Julio Artist-run Space & Yam Gallery présentent

Assemblage #11

En communauté

Une communauté, est toujours une chose précédente, à laquelle on appartient, biologiquement et culturellement.(…)Il est nécessaire de réinventer le mot et lui donner un autre sens et d’autres effets, de faire une autre expérience de la communauté: non pas quelque chose à laquelle on appartient mais un organisme qui se construit.
Diego Tatian

Des artistes ont ressenti cette nécessité, ils enracinent leur action dans des communautés qu’eux-mêmes construisent autour d’actions partagées.

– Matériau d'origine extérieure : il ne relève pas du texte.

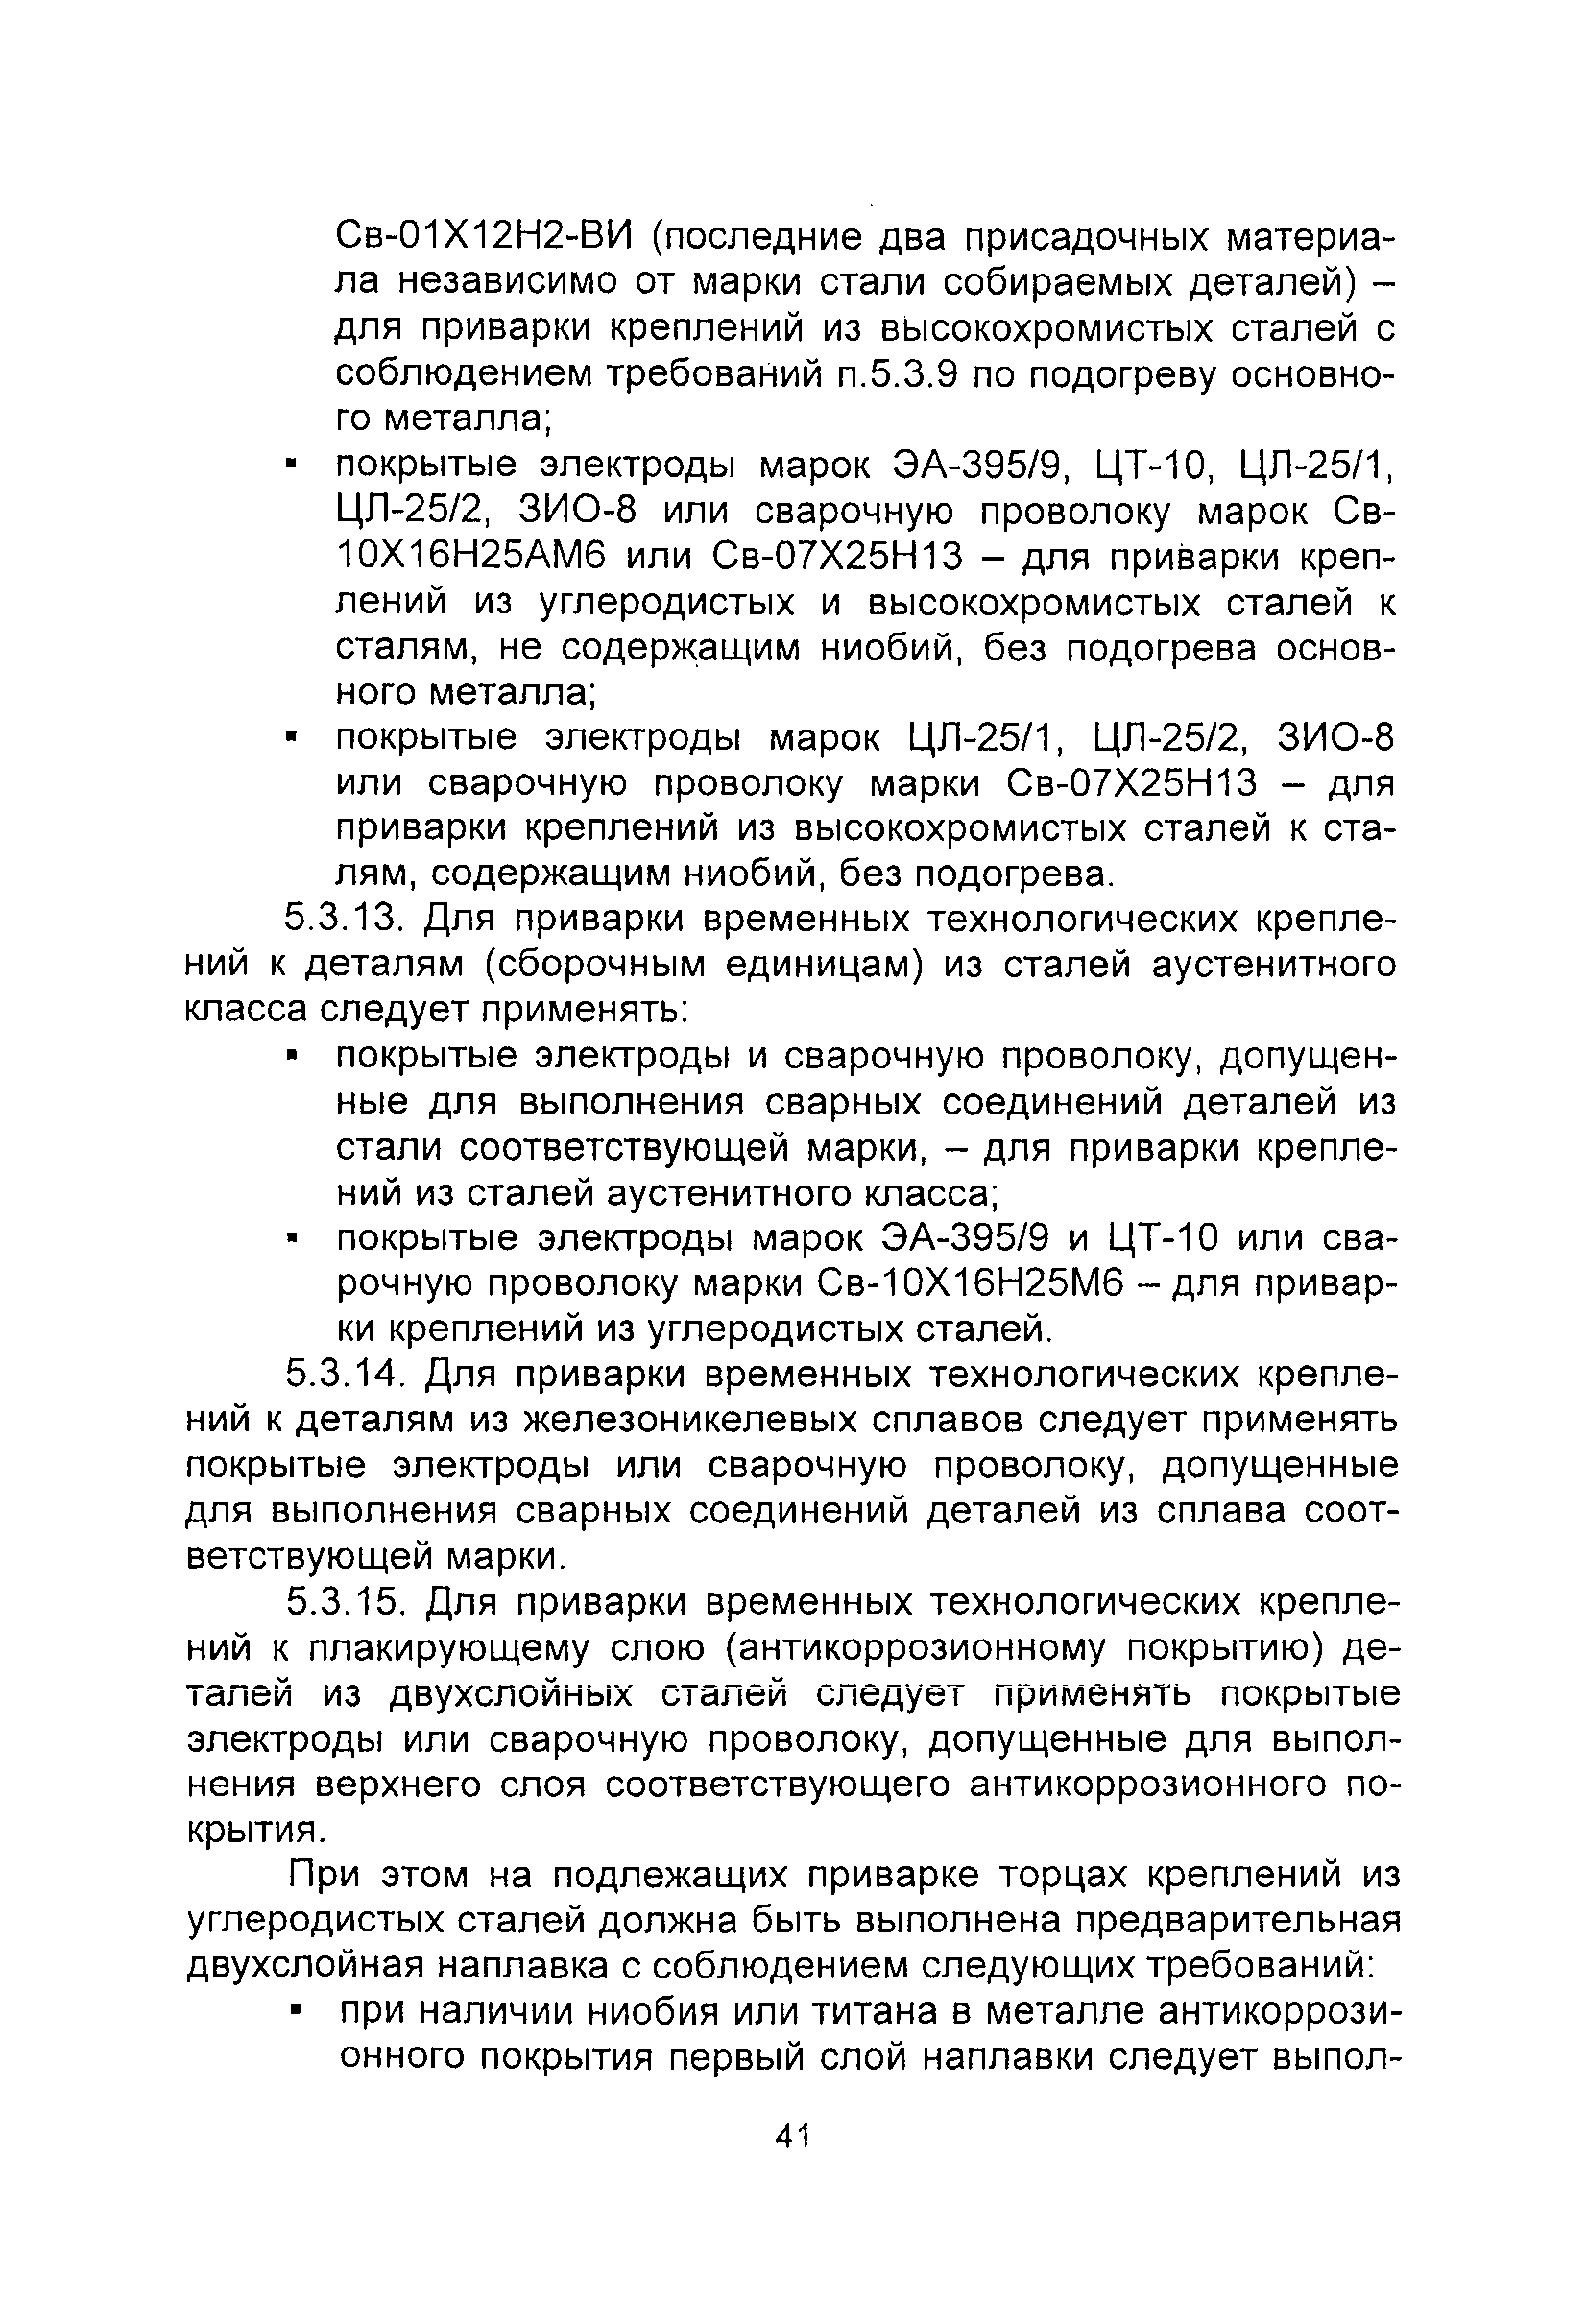 Пнаэ г 7 010 89 скачать pdf

C’est le cas de Cisco Jiménez et Diana Aisenberg. Ils ont travaillé, chacun à sa façon, avec des communautés et des réseaux d’amitiés en partageant un labeur commun qui transcende l’échelle de ce qu’une personne, (l’artiste conçu comme individualité) peux réaliser. Chaque membre de la communauté apporte à l’œuvre un savoir faire, une dose d’énergie, une histoire, qui prennent place au sein d’une réalisation commune où il se sent représenté. Ces créations de communautés sont une action politique orientée vers le bien commun, où les participants sont liées par l’affect.

Le travail de Cisco Jiménez prend comme point de départ une vision anthropologique sur un contexte donné. Pendant des siècles, la ville de San Agustín Oapan dans l’état conflictuel de Guerrero s’est spécialisé dans la fabrication d’ustensiles et figurines en argile rouge. Cisco a proposé aux femmes artisanes de l’État de Guerrero et Cuentepec d’interpréter des dessins de «boomboxes» des années 80 selon les manières traditionnelles du travail en argile de leur communauté. Ces radiocassettes appartiennent aujourd’hui à une sorte d’archéologie urbaine, ce sont des objets teintés de nostalgie autant pour la classe moyenne des villes que pour la périphérie appauvrie. En même temps, réaliser des boomboxes en terre cuite a été pour ces femmes artisanes une transgression à leur tradition. Il en a résulté des hybrides culturels qui reflètent avec humour les contrastes au sein de la société latino-américaine et sa culture : entre folklore et culture de masse, art d’élite et culture populaire, monopoles du pouvoir économique et culture du narcotrafic. Les canaux de distribution et de vente des produits des communautés indigènes qui échappent encore aux protocoles du système socio-économique sont mis en évidence.

Economía de cristal, de Diana Aisenberg, est l’un de ses projets en collaboration. Déjà Historias del Arte, diccionario de certezas e intuiciones, surgit à partir d’une demande et d’un don, celle de définitions subjectives et particulières des mots choisis en lien au contexte de l’actualité, de la pratique artistique, de l’enseignement, des rencontres et amitiés.

Pour Economía de cristal, elle a demandé à des proches dans un premier temps, à des groupes ensuite, le don de petites pièces provenant de bijoux cassés ou en désuétude susceptibles de pouvoir être montés sur fil. Elle a organisé des centres de récupération et des groupes de montage dans des ateliers d’artistes, des quartiers de la ville de Buenos Aires, puis à partir de coopératives dans des régions de l’Argentine et d’autres pays d’Amérique Latine, tissant le lien social autour de ces activités. L’œuvre s’est construite à partir des liens affectifs et elle s’est concrétisée dans la rencontre. Les matériaux sont transformés à chaque séance en une recherche sur la construction visuelle et sa puissance. Elle a donné naissance à une «économie du cristal», sachant que pour l’artiste «l’art est une expérience incertaine, et il n’y a rien qu’il puisse accomplir tout seul»

Pour revenir aux paroles du philosophe Diego Tatian,  «le royaume de la liberté est ce que n’importe quelle créature peut inventer, quelle que soit sa circonstance, à condition de le faire avec ses semblables».